第121章 两个邹别驾?(2/2)
她浑身战栗,神色悲苦,终于泪若决堤,几近崩溃却仍不敢大声哭泣发泄,只得忍悲吞声道:“邹郎难道不是在卢府暴亡么?怎么、怎么又在一具无头尸上发现了他的物件?到底哪个才是他?”她忽又抬头看向凌云鹰,眼含期待,“还是、还是说——两个都不是他,他还活着?”
屋内四人皆默然无言。
她目中的微光霎时熄灭,颓然垂下头,无望地道:“明知这是不可能的,却还是……”
几人安慰了溶烟一番。溶烟时而点点头,时而摇摇头,不再作声。
凌云鹰凝重地道:“至少现在我们可以确定,卢刺史是中了毒王谷的‘五毒穿心散’,而绝非外界所传之暴病——他大概以为我必死在那黑衣女子手中,所以有恃无恐地说出实情。”
班容摩挲着下巴,道:“我师父曾经研究过五毒穿心散。他说,这种毒至少包含了曼陀罗花、商陆和断肠草,能使人浑身麻痹,出现幻觉,昏厥不醒,随即死亡。纵然是轻剂量的毒,无非只是拖延个十天半月罢了。既然已经知道其中三种毒,咱们索性死马当作活马医,放开手脚试试看——可有笔墨,我写个方子,一会咱们抓药去!”
于是溶烟取来纸笔。
包无穷又从袖中取出一个松木瓶,道:“班兄弟,我这儿有昆仑派的九寒败毒散,你看能不能凑合着用用?”
班容闻言,双目大放异彩,低呼:“我的娘,九寒败毒散?我瞧瞧、我瞧瞧。”旋即“嗖”一下便从包无穷手中轻巧抢过瓶子,唯恐迟一步被包无穷收了回去。
他将瓶子放在鼻下轻轻一闻,面露陶醉,自语道:“果然是千年雪松木制成的,有股清冽的木香。”
又拔开木塞子一闻,呢喃道:“啊,五脏六腑的浊气都被清走了。”随即神色沉醉,双眼迷离,飘飘欲仙。
这下连卞阿六也好奇了,忙问:“有这么神奇吗?”
班容神秘一笑,似已将一切不悦抛诸脑后,兴致勃勃地道:“你们不知道吧,这‘九寒败毒散’,只怕比毒王谷任一种毒的制作工序都要繁复十倍!”
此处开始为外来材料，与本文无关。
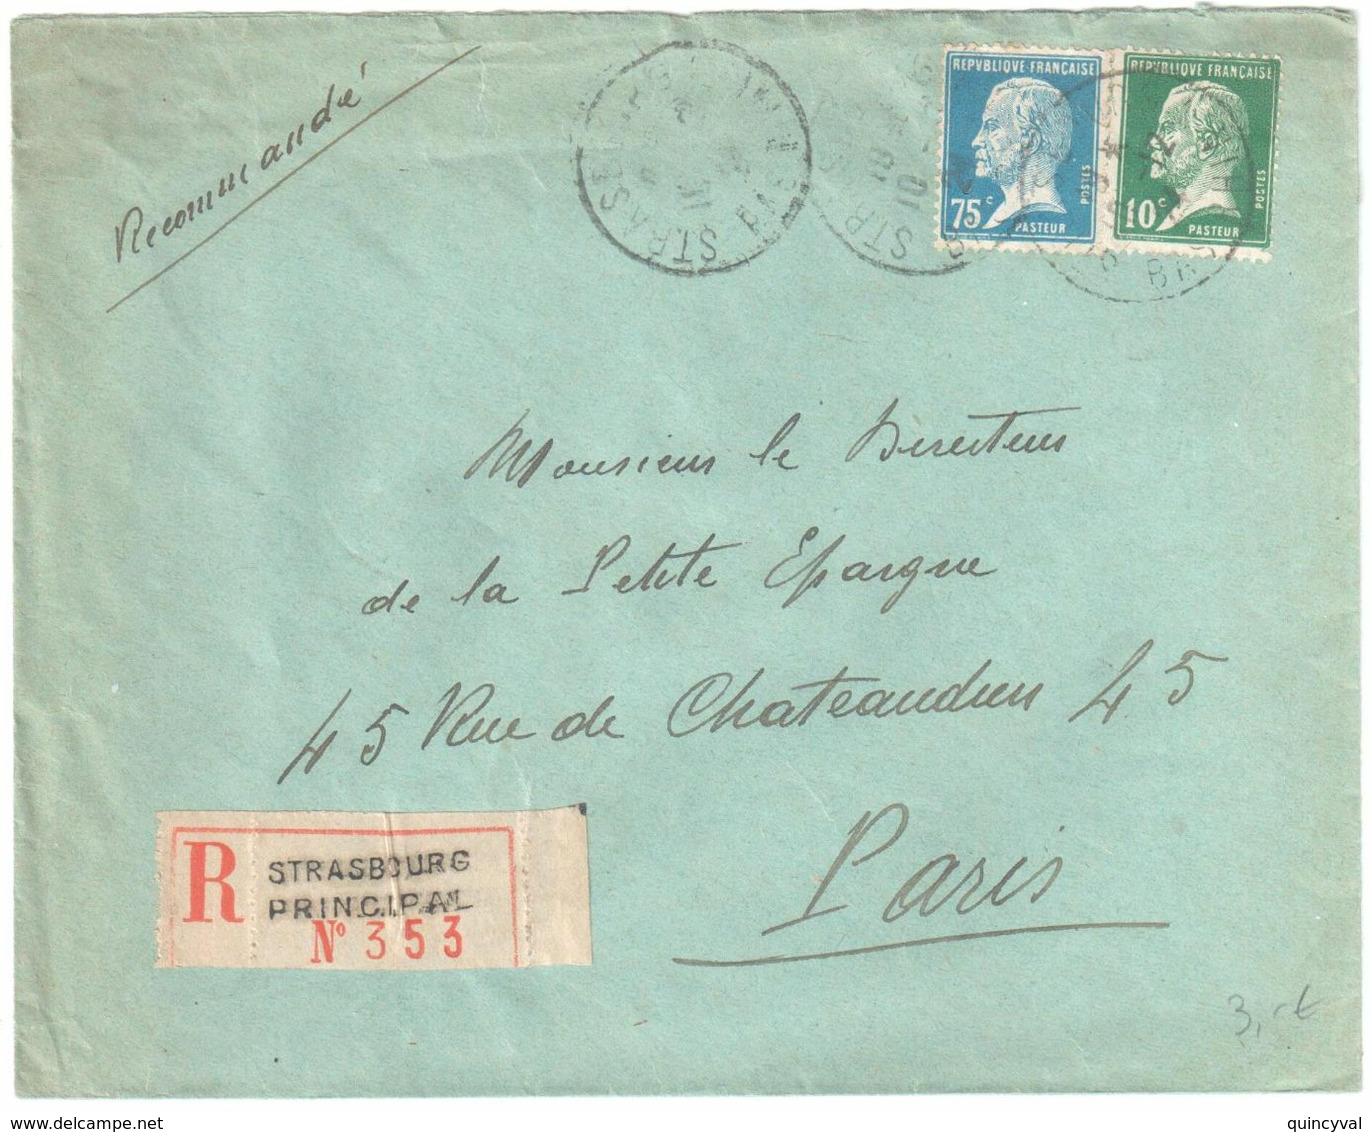 ARLES S RHONE Lettre Recommandée 1 F Pasteur Bord De Feuille 5c Blanc Yv 111 179 Ob 18 1 1926 - Covers & Documents

说时小心翼翼地从瓶中抖出一点几不可察的粉末于指尖,尝了一尝,闭眼咂摸了半晌,叹道:“昆仑派早将‘九寒败毒散’的制作方法公之于众,可谁有能耐花那么大功夫整那玩意儿?还不只能是他们自己玩得起?”
卞阿六忙问:“这是怎么做出来的?”
班容笑嘻嘻地道:“小子,说出来吓不死你。在社日取西湖龙井、苏州洞庭碧螺春、南岳云雾茶,峨眉黑水寺山茶,均采芽尖,以银匣取高山泉水,将芽尖完全浸泡水中,封于冰砖中,快马送至昆仑冰窖封藏。这几个地方离昆仑不啻千里,每日换一块冰砖,一路上不知要费去多少。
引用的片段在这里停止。